Keren Estrada has been receiving physical therapy and educational support at Tesoros de Dios since she was 4 months old. She shares excitedly her hopes and dreams for the expansion of the centre with EMI volunteer architect Sabrina Ortiz.
Photo: Christa Brunt, September 2016, Managua, Nicaragua

Treasures of God

Ministering to children with special needs in Managua

by Chelsie Kaschmitter





At eight years old, Kevin was unable to sit still and concentrate on a task for more than a minute. His mother, Lillian, had self-diagnosed Kevin with autism at the age of four and had been seeking advice from anyone who could help. “We started looking for people that could help us, and everywhere we went they said no because Kevin was extremely hyperactive.”

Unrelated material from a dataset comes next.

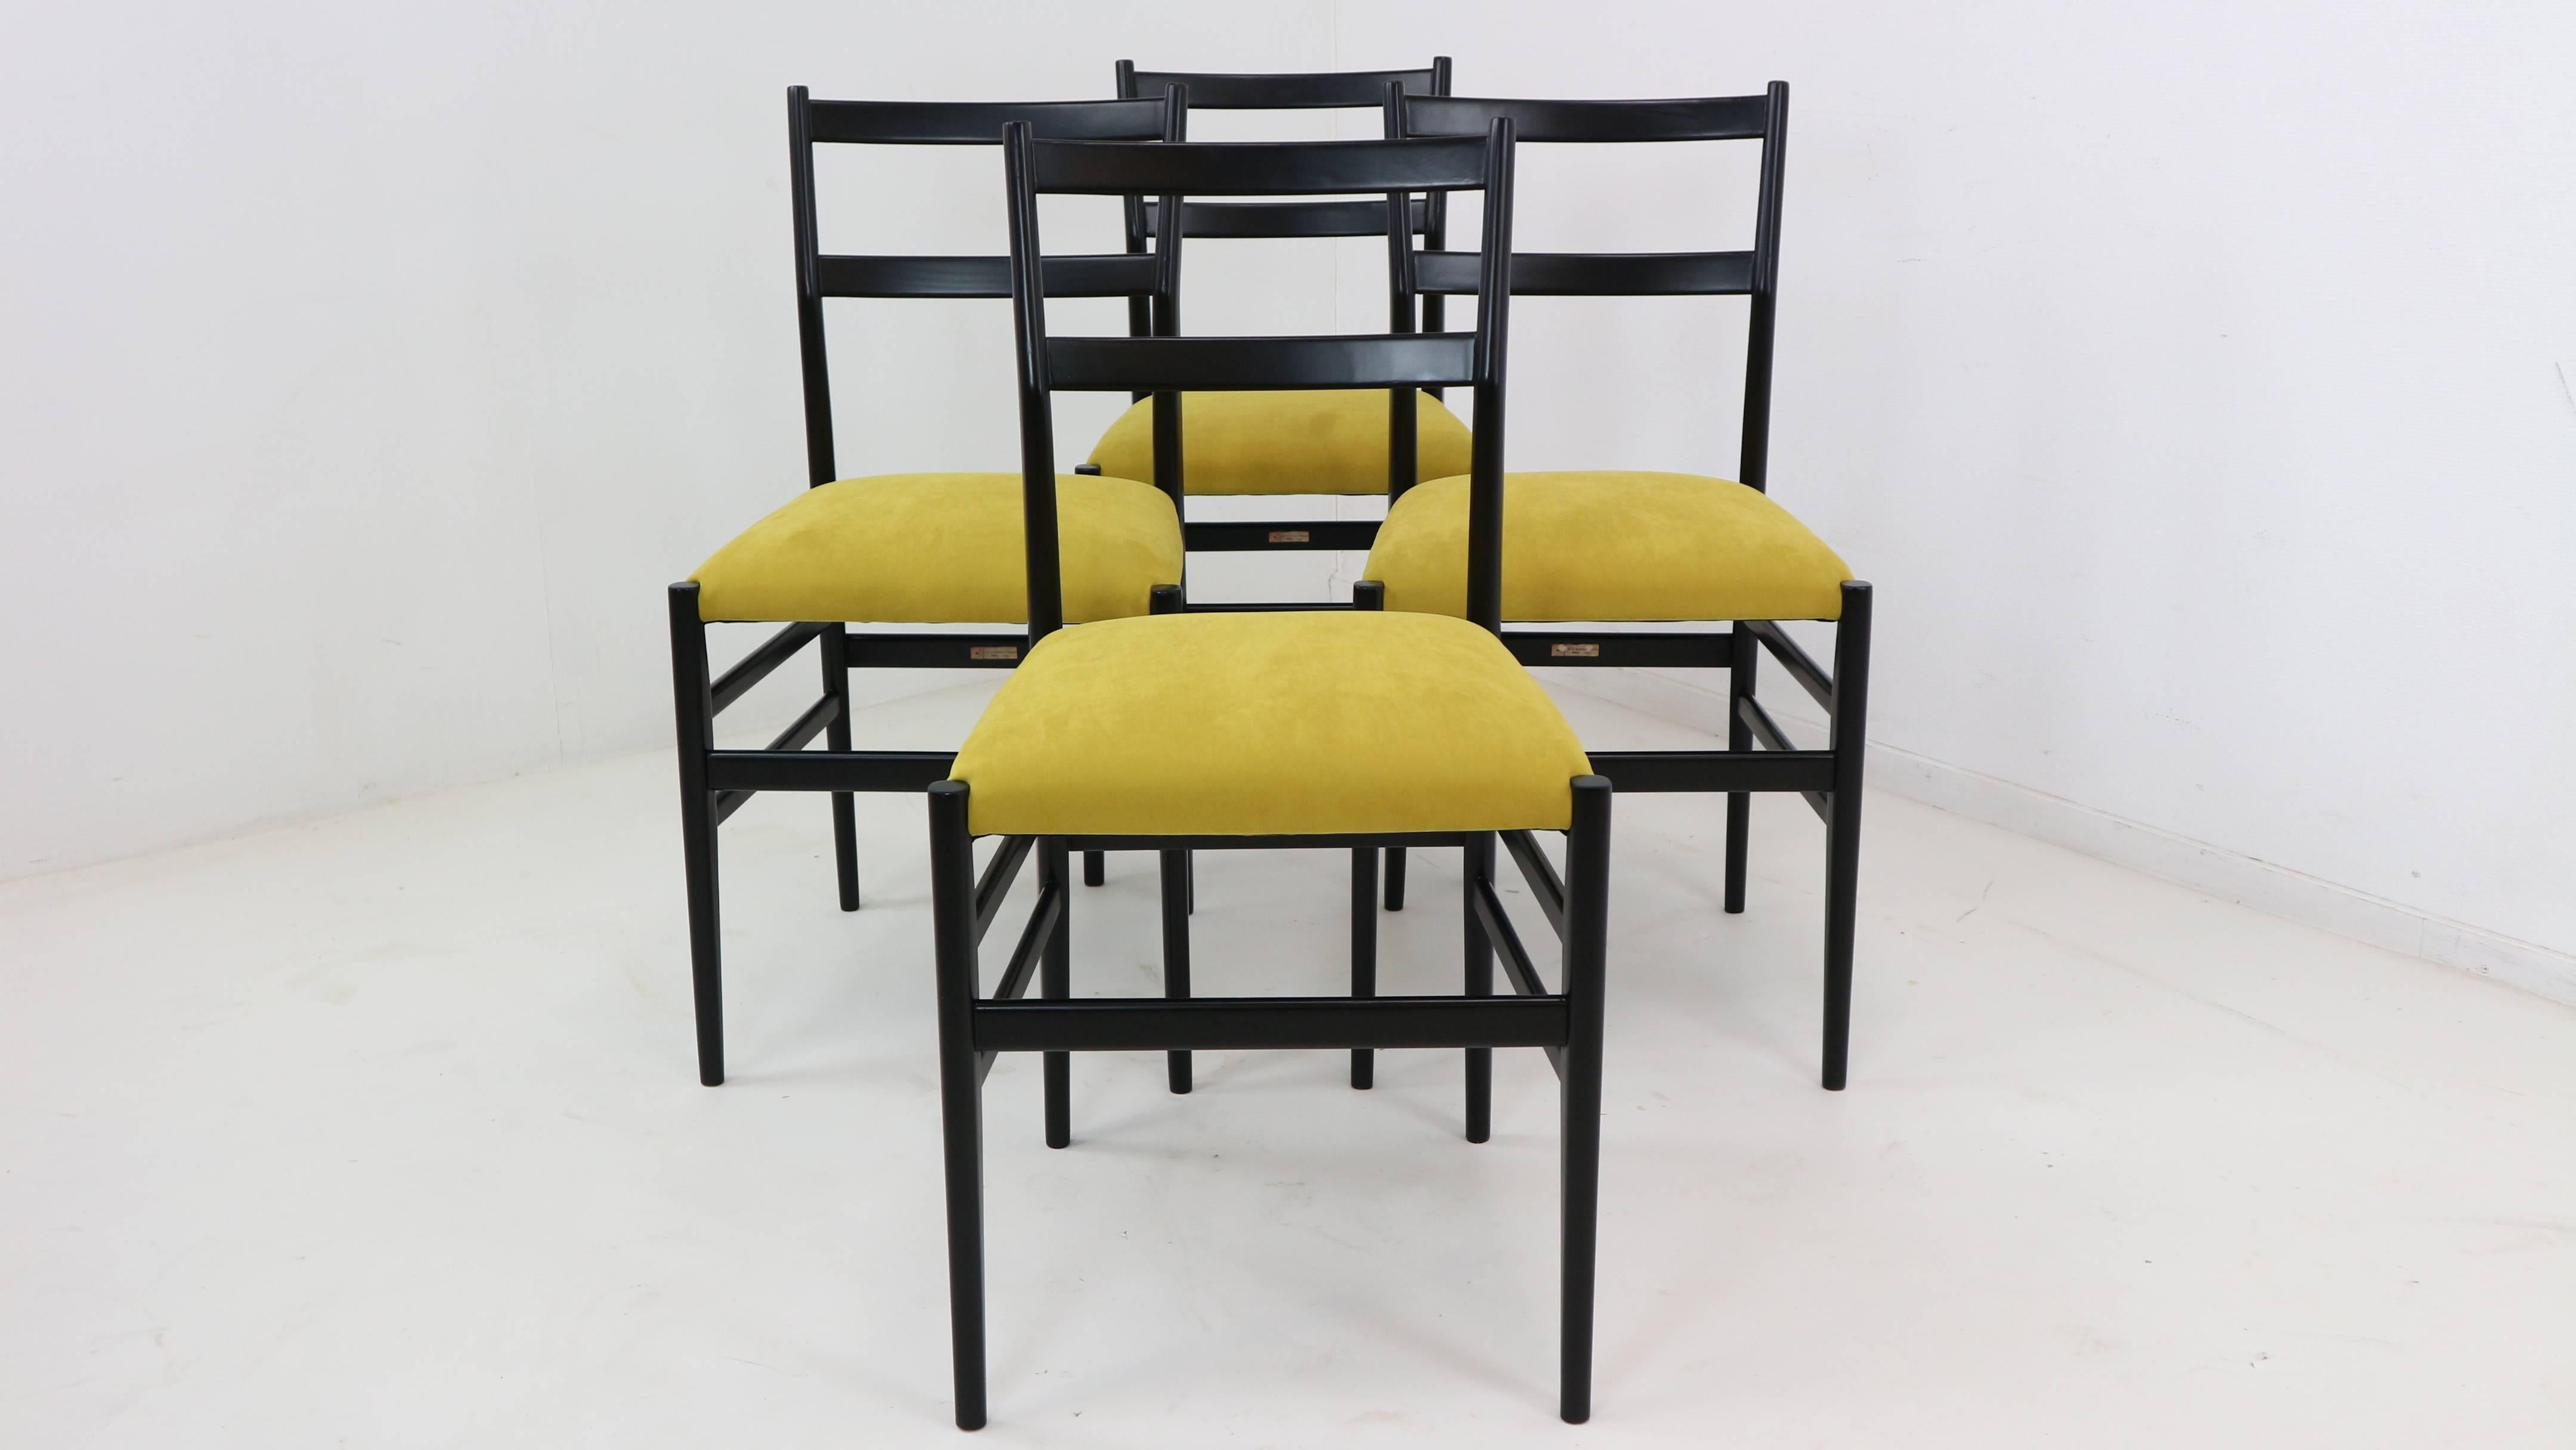 This set of four Leggera chairs was designed by Gio Ponti in 1951. They were manufactured by Cassina in 1952. After few years, in 1957, Ponti tweaked the design and released the iconic Superleggera model. This version is made from black lacquered

After being turned away from many clinics and education centres, Lillian found herself in a difficult situation. She shared, “One day someone came to our house and asked me, ‘Do you know who can help your son?’ I replied no and he said, ‘Take him to Tesoros de Dios.’”

After 10 years as a student at Tesoros de Dios, Kevin has made great strides in overcoming autism. To his mother Lillian, the change has been dramatic. Photo C.Brunt.

After meeting with the teachers and an initial evaluation, Kevin was accepted into the program at Tesoros de Dios, where he has been a student for the last ten years. Kevin is now able to concentrate on tasks for almost an hour, and as Lillian shares, “He makes his bed, he cooks, and he helps me to do chores at home. He likes sports, music, and dancing. He’s changed so much — our lives have changed completely.”

Tesoros de Dios, Treasures of God, is a special education centre in Managua, Nicaragua, that serves over 110 children and their families. Their vision is to help children with disabilities reach their full potential. Since 2004 they have been serving families who would otherwise have no access to such life-changing help and care. Besides education, care, and therapies that include both child and a family member, the focus is to strengthen partnerships between these families and schools, churches, and communities. In a country like Nicaragua where children with disabilities are often viewed as cursed or unacceptable, Tesoros de Dios has become a place of light and life.

So it is no surprise that the current centre has reached full capacity. Every day it becomes apparent that many more children in Managua could benefit from the healing and caring ministry of Tesoros de Dios. With a waiting list of over 60 children, the need for more space and a more focused use of the existing facilities is crucial. This is where EMI comes in.

The EMI team presents the initial design concept to expand the Tesoros de Dios facilities so more children with special needs can be served by the ministry. Photo C.Kaschmitter.

EMI Nicaragua sent a team of volunteer design professionals to assess the existing centre and create a masterplan that will enable Tesoros de Dios to serve more children. The EMI team prepared concept images and plans that will be used as this project moves forward into fundraising, detailed design, and construction. EMI Nicaragua architect, John Pillar reflected, “We want to see these kids restored by God, and their world restored through design… the relationship we have started here will continue and grow, and we will work alongside Tesoros de Dios all the way.” As EMI designs become reality here, Tesoros de Dios will soon be able to help more children like Kevin reach their full potential, helping them realize they are indeed treasures of God.

A staff member works with a student at the Tesoros de Dios centre. Over 110 children with special needs and their families are served through this ministry in Managua, Nicaragua. Photo C.Kaschmitter.